Task objective: Give back an exact copy of the listing that follows, without the pictures.

Provided material:
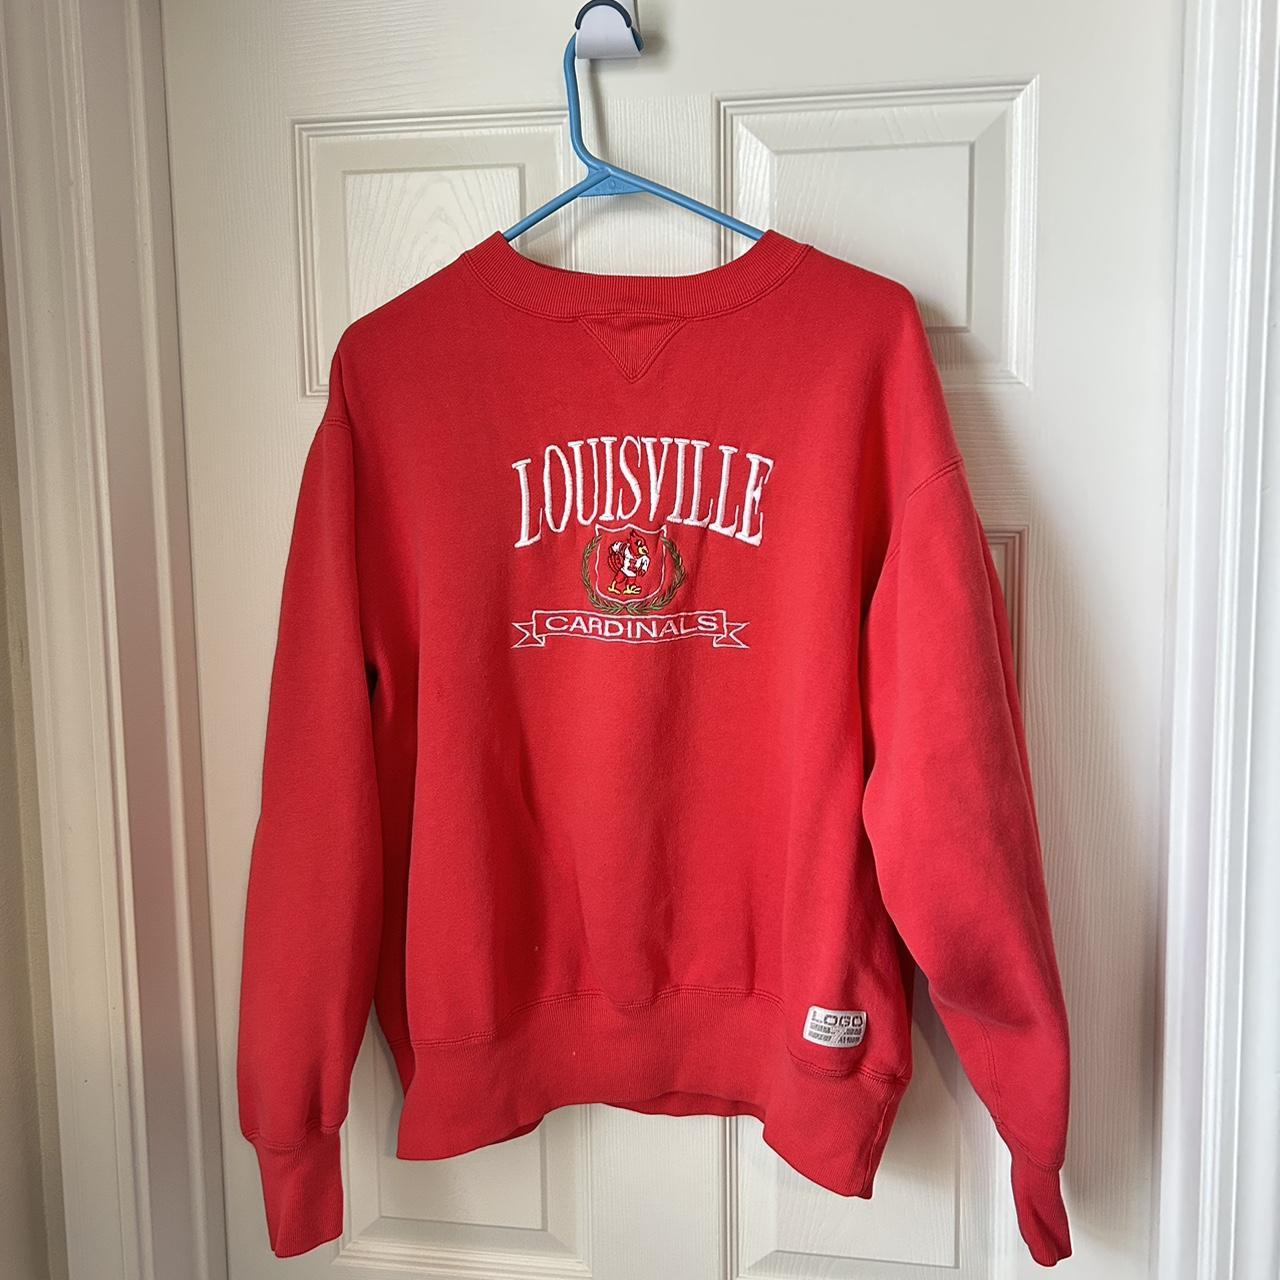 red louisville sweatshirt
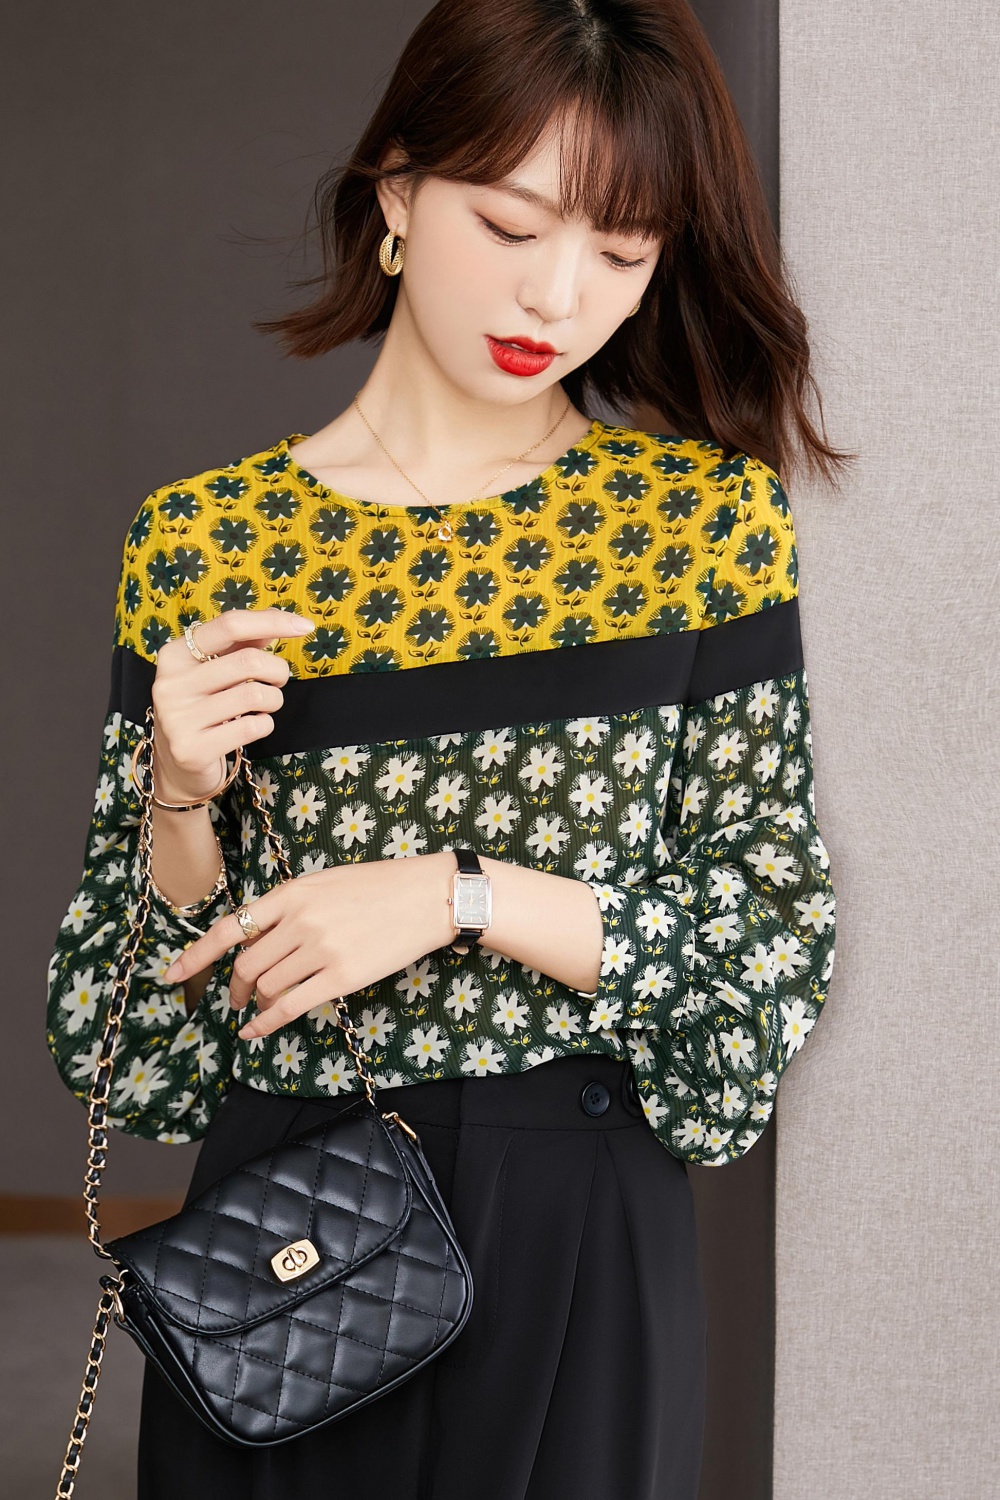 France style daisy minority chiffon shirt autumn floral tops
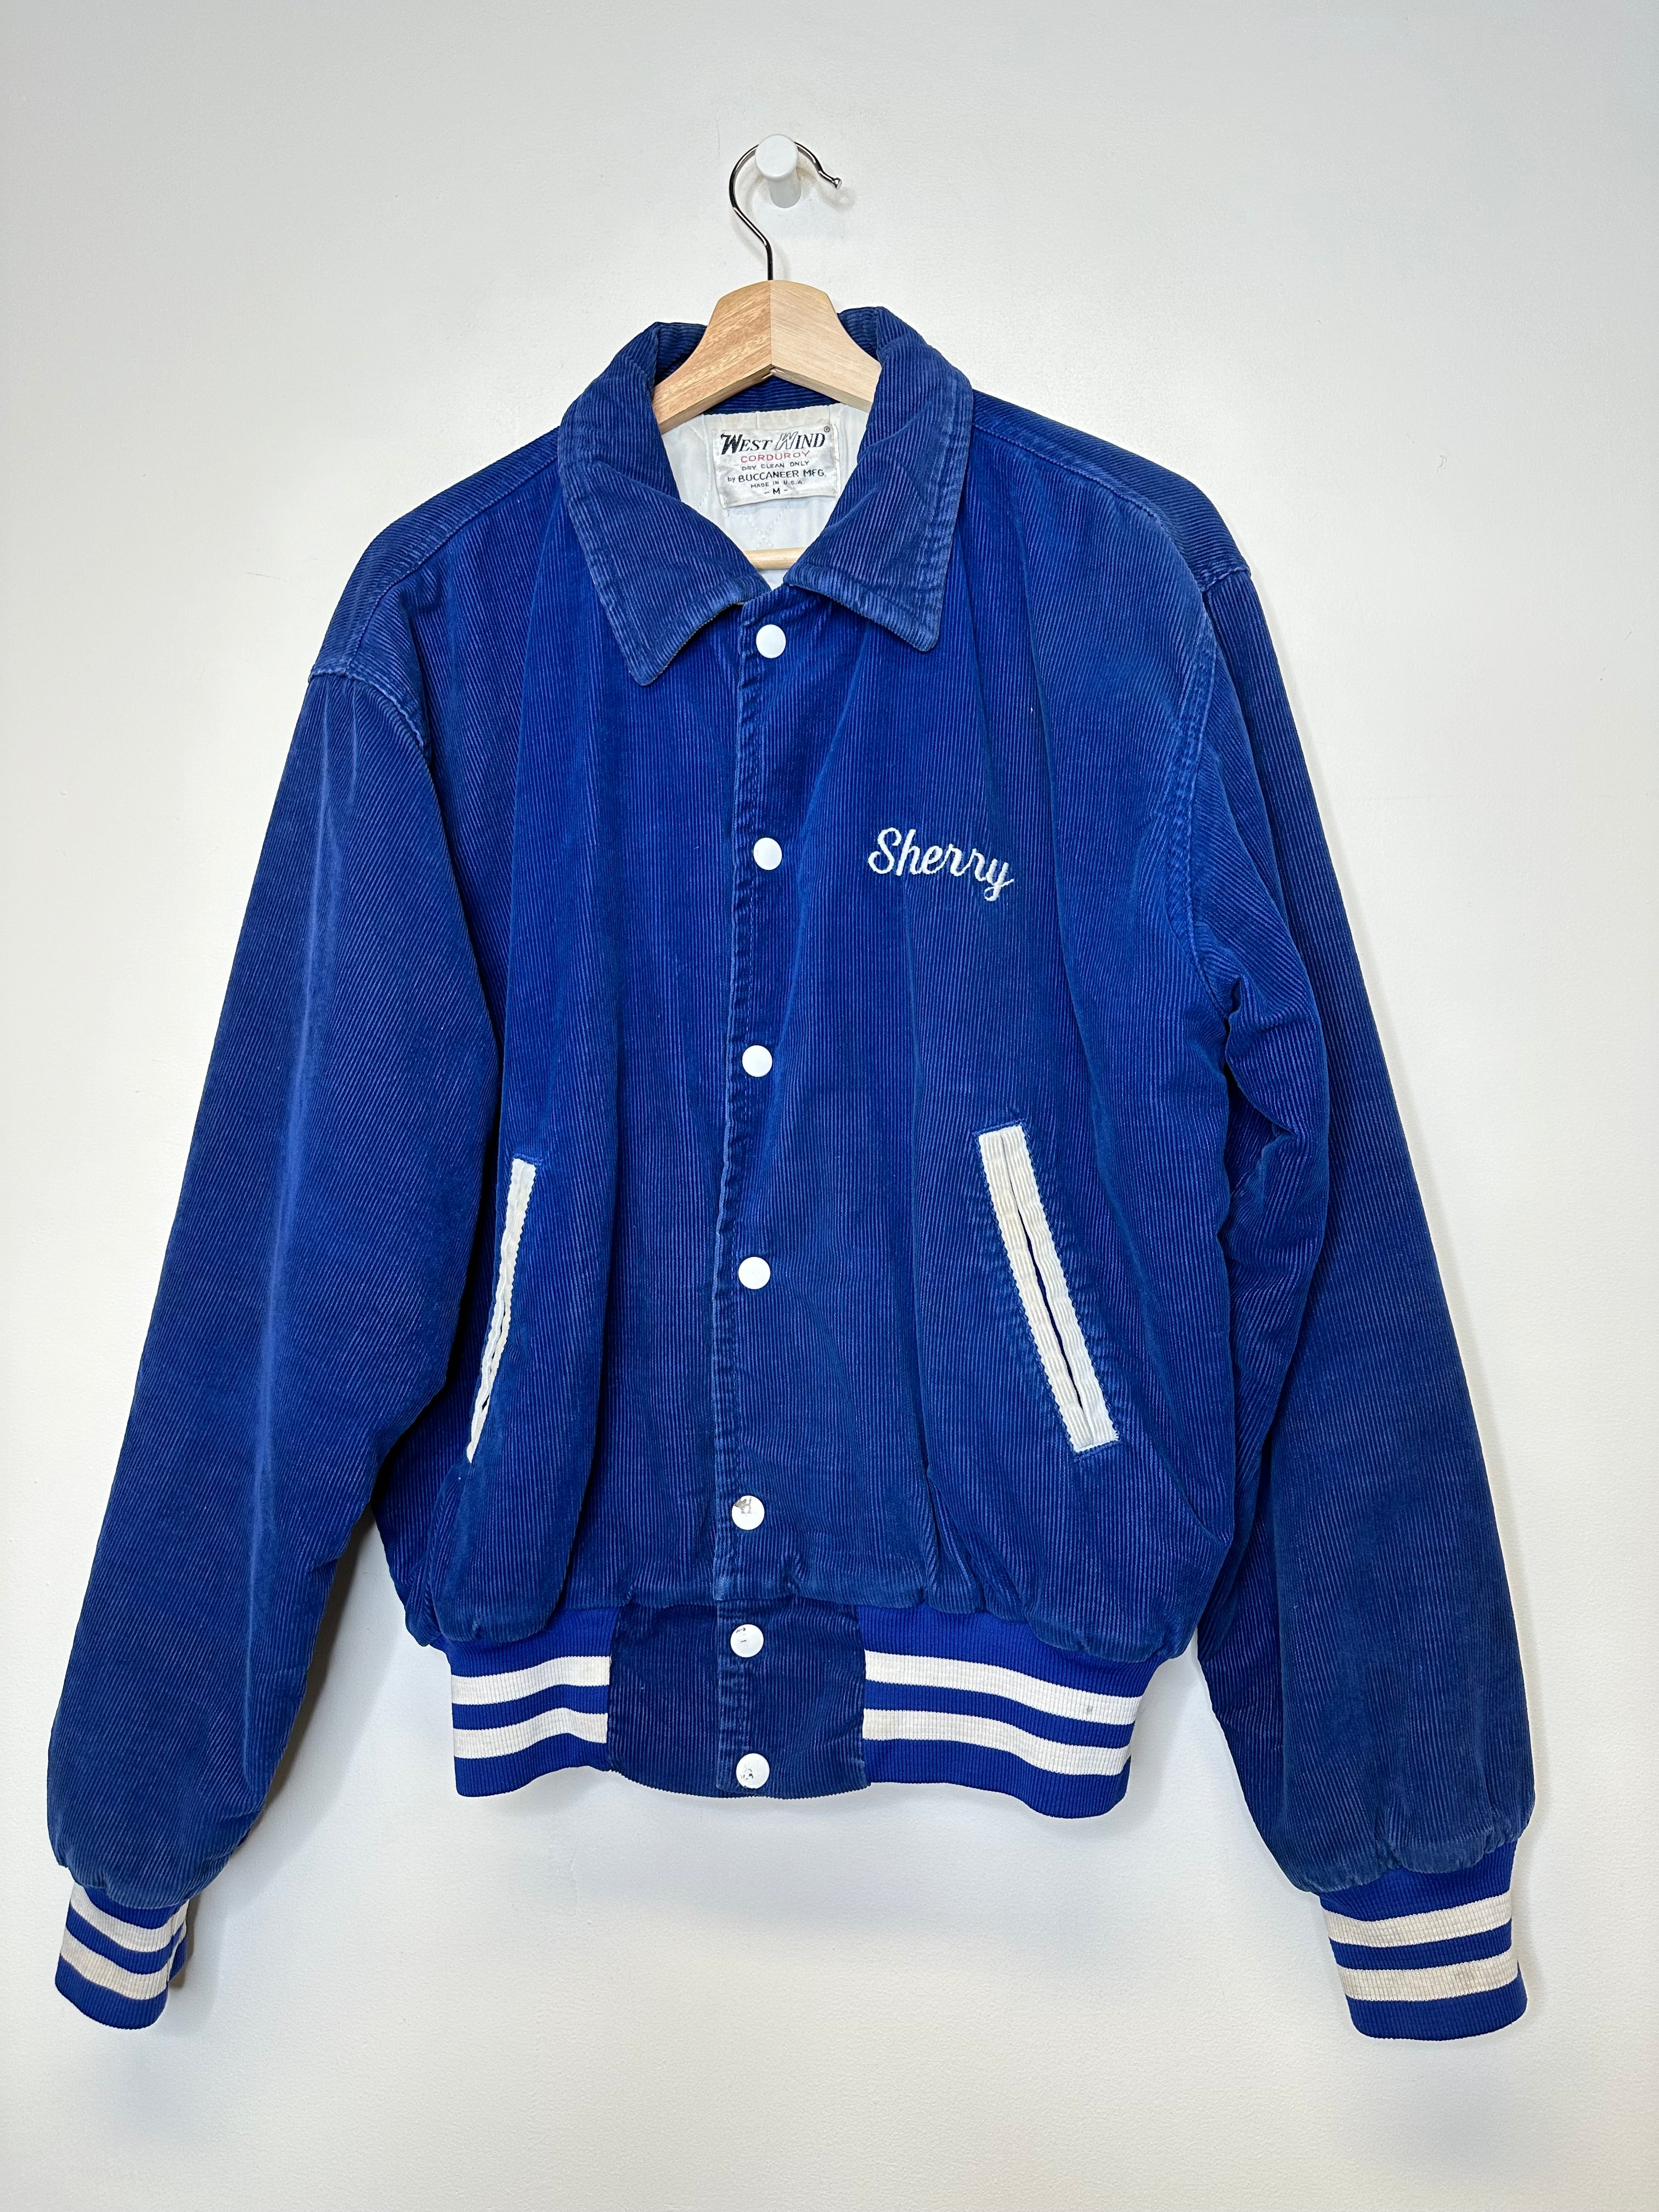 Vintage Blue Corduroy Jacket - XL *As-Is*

Response:
 red louisville sweatshirt
 France style daisy minority chiffon shirt autumn floral tops
 Vintage Blue Corduroy Jacket - XL *As-Is*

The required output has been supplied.